The introduction of a stringent taxation regime under the Finance Act, 2022, which imposes a 30 per cent tax on gains from virtual digital assets and a 1 per cent tax deducted at source, reflects a contradictory regulatory posture. While taxation implicitly recognises the existence of cryptocurrencies, it does not address consumer protection, fraud prevention, or market integrity. Excessive taxation coupled with legal uncertainty risks driving innovation.

Comparative Perspective

The United Kingdom adopts a comparatively balanced approach to cryptocurrency regulation. Cryptocurrencies are not recognised as legal tender but are regulated under existing financial laws. The Financial Conduct Authority oversees cryptocurrency businesses for anti-money laundering compliance, requiring registration and adherence to customer due diligence obligations. This risk-based model allows innovation while mitigating systemic risks.

India may draw valuable lessons from this approach by integrating cryptocurrencies into existing regulatory structures rather than pursuing outright prohibition or prolonged ambiguity.

Findings and Observations

1. India lacks a comprehensive statutory framework governing cryptocurrencies.

2. Regulatory measures remain fragmented and inconsistent.

3. Judicial intervention has protected constitutional rights but not ensured regulatory certainty.

4. Taxation measures recognise cryptocurrencies without establishing investor safeguards.

5. Comparative jurisdictions demonstrate that balanced regulation is achievable.

Conclusion and Recommendations

Cryptocurrency regulation in India stands at a critical crossroads. While regulatory oversight is essential to address financial stability and consumer protection concerns, prolonged uncertainty undermines innovation and investor confidence. India must move beyond ad hoc regulatory measures towards a coherent legal framework.

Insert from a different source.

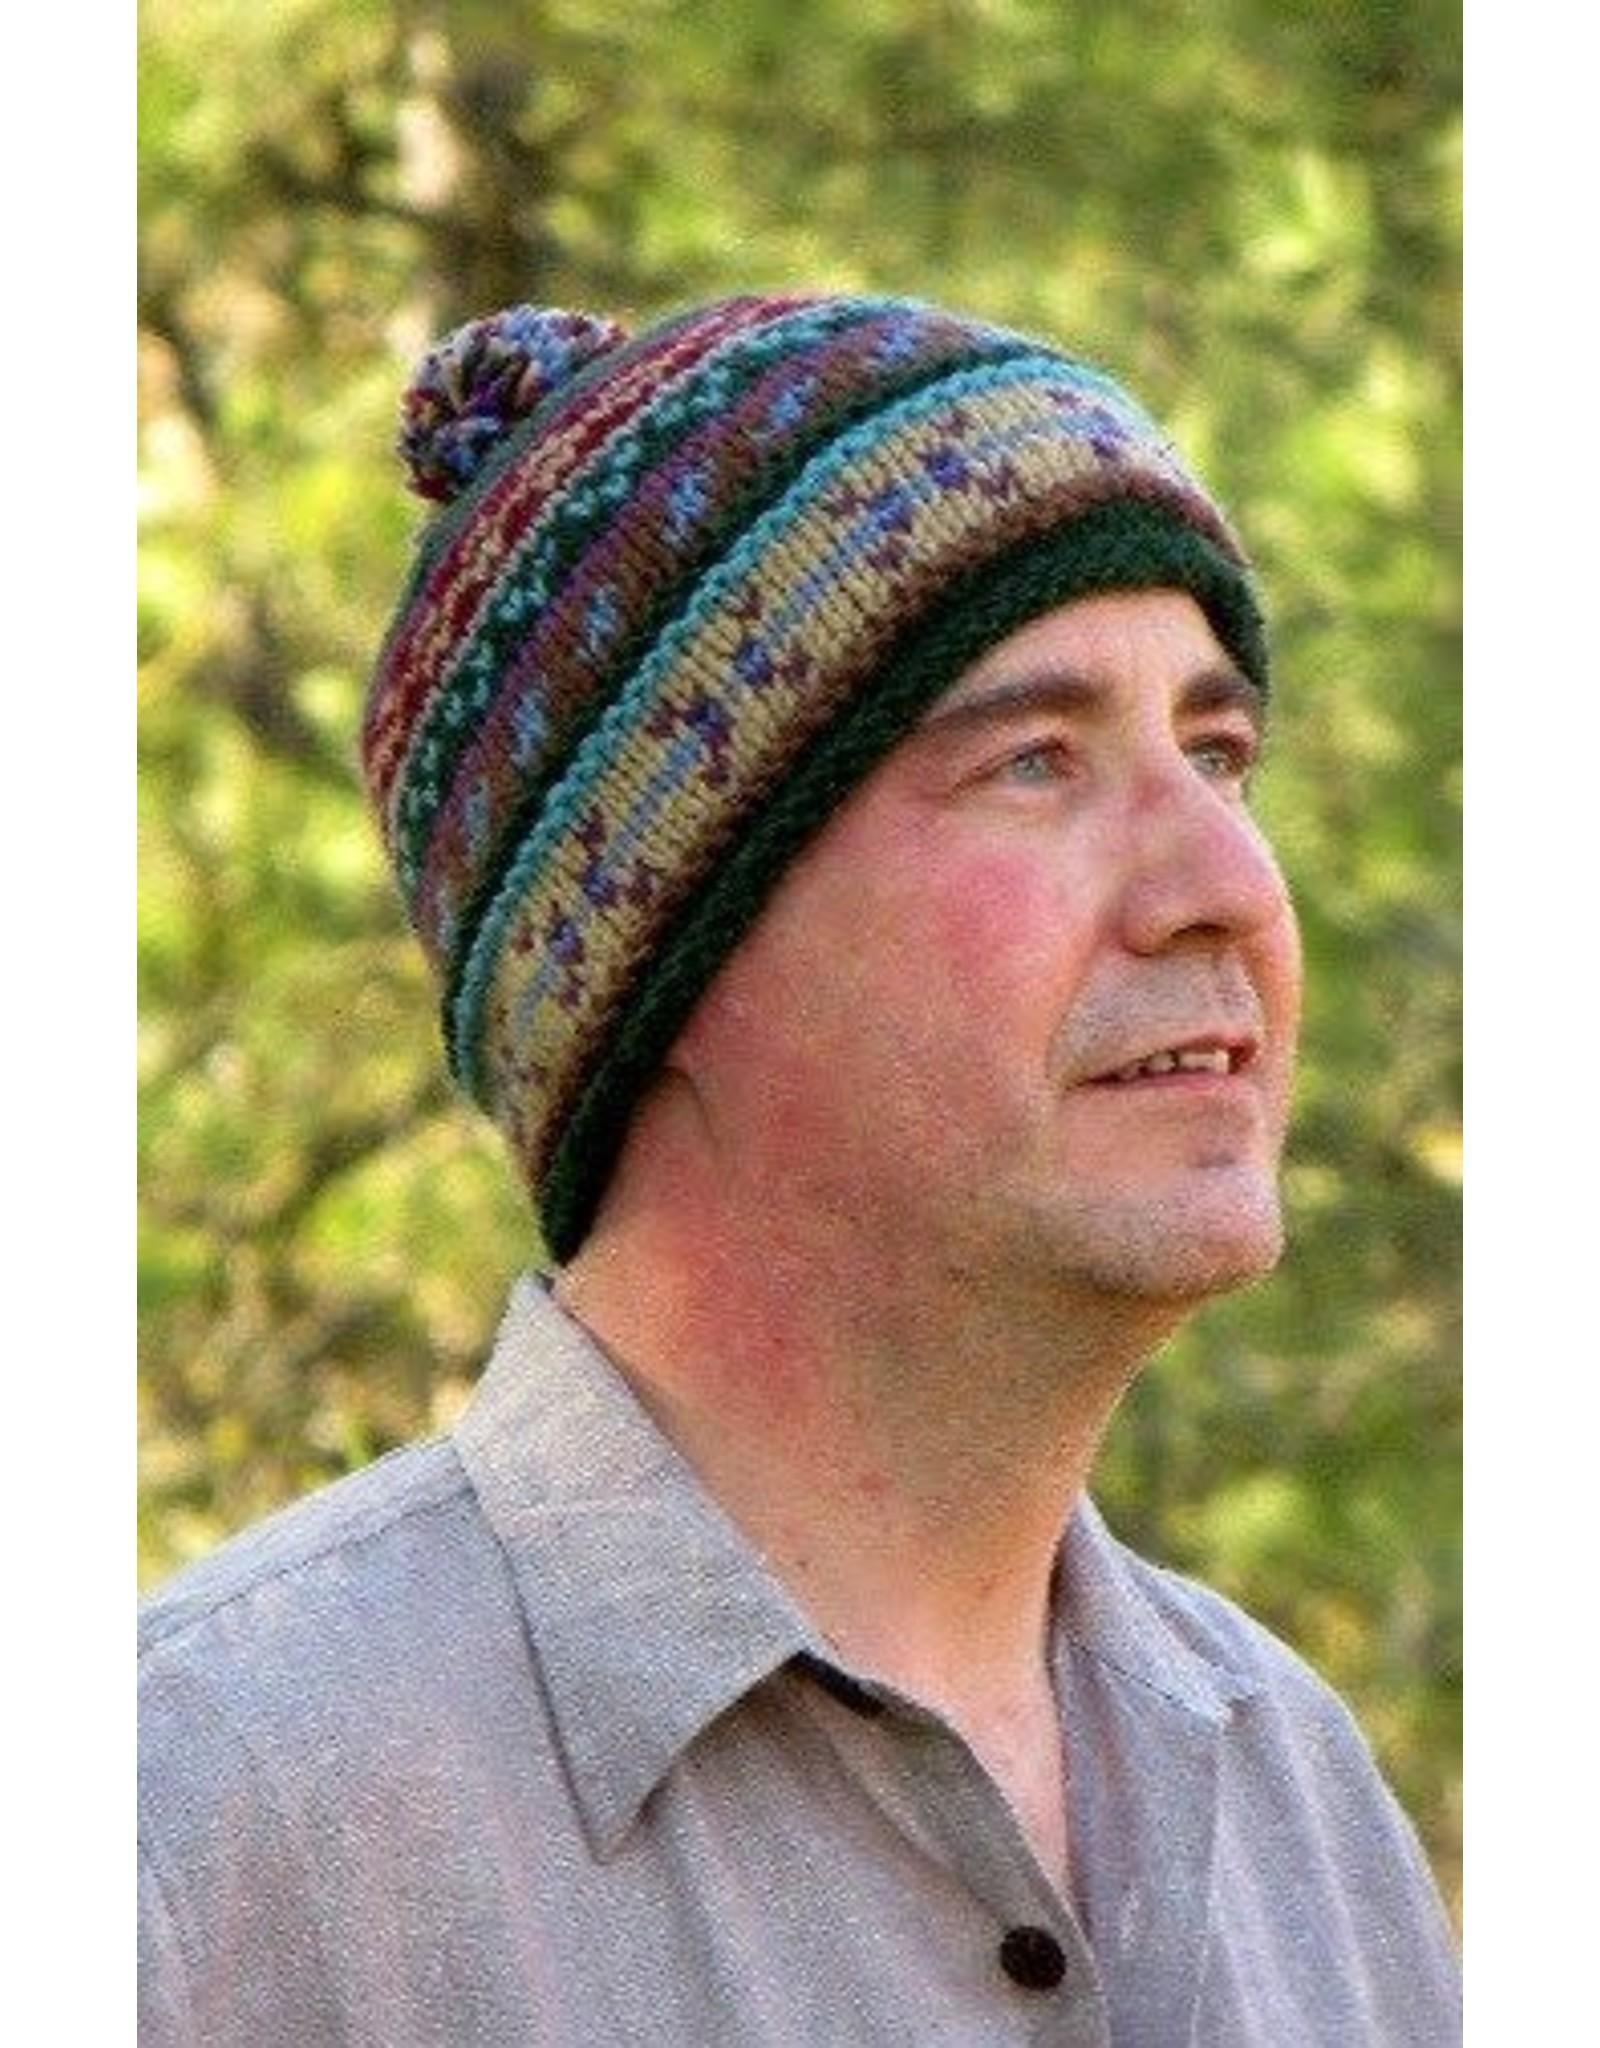 Ganesh Himal Patterned Knit Hat, assorted.

It is recommended that India enact a dedicated cryptocurrency statute that clearly defines virtual digital assets and allocates regulatory responsibilities. A risk-based regulatory approach aligned with international best practices should be adopted. Strengthening consumer protection mechanisms and enhancing regulatory coordination will enable India to harness the benefits of blockchain innovation while safeguarding its financial system.

Reference(S):

1. Internet and Mobile Association of India v Reserve Bank of India (2020) 10 SCC 274.

2. Reserve Bank of India, ‘Statement on Developmental and Regulatory Policies’ (RBI, 6 April 2018).

3. Finance Act 2022, s 115BBH.

4. Satoshi Nakamoto, ‘Bitcoin: A Peer-to-Peer Electronic Cash System’ (2008).

5. Financial Conduct Authority, ‘Guidance on Cryptoassets’ (UK FCA, 2019).